A blog for the enterprise open source community
Where the GPL FailsRaven Zachary, May 15, 2006 @ 12:24 pm ET
The Kororaa project, a binary installation of Gentoo Linux, has received a note that it may be in violation of the GPL, as the project includes proprietary binary video drivers from ATI and NVIDIA along with the Linux kernel, released under the GPL. The post on the Kororaa site does not indicate whether the note was sent by the Free Software Foundation (FSF), but I suspect it was just a member of the community who believed that she or he was doing the proper duty as a member of the open source community.
News.com had a piece about the issue of proprietary software within Linux last month entitled “New Linux look fueled old debate“. In the article, I was quoted as saying “If Linux expects broader vendor support, the community needs to capitulate to proprietary software involvement,” which I still firmly believe.

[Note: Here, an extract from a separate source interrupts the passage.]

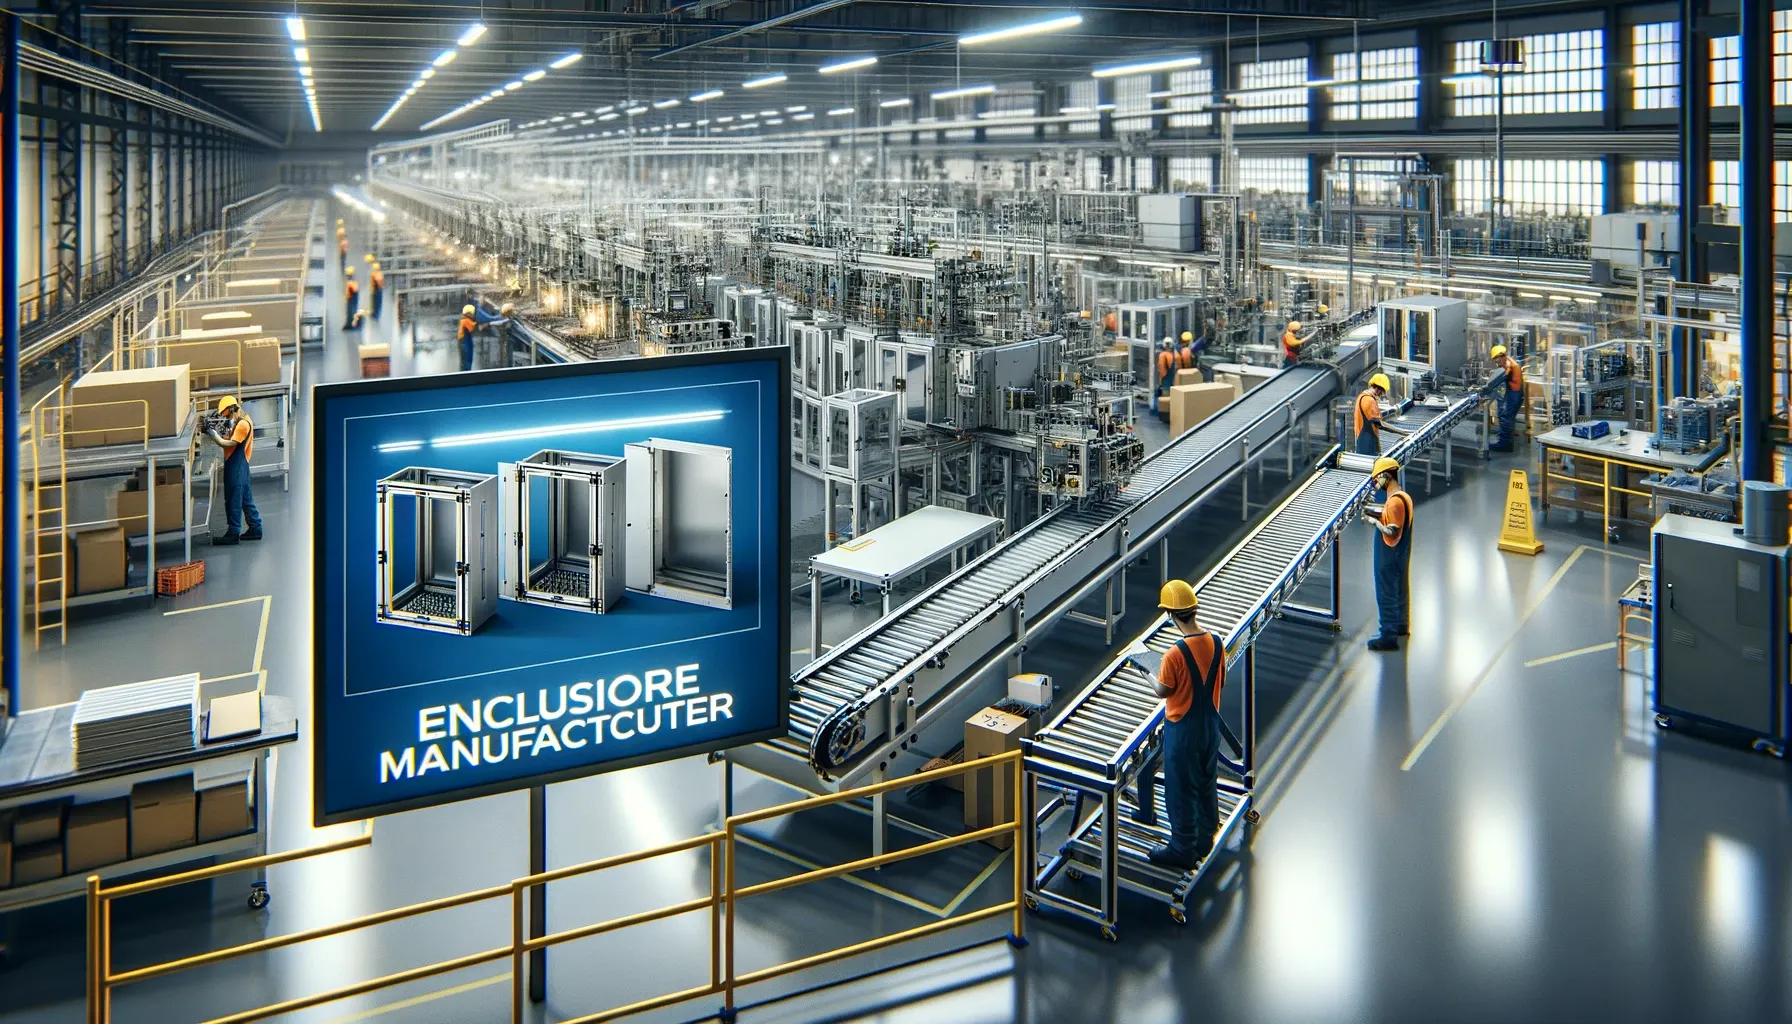 Enclosure Manufacturer

What does the Linux community want more – proprietary hardware support or strict licensing requirements? Without proprietary video drivers, Linux has limited chance of being a platform for graphics-intensive applications. Sure, community drivers can be developed, but not for the high-end market. ATI and NVIDIA risk competitive exposure by releasing their drivers as open source. For them, Linux is a business opportunity, and the Linux community should be pleased that they are writing drivers at all, even if they are only available in binary format.
Open source is not an all-or-nothing proposition in 99.9% of the cases I’ve seen. Where it is strict, tends to be politically or philosophically motivated by the individual, not the enterprise.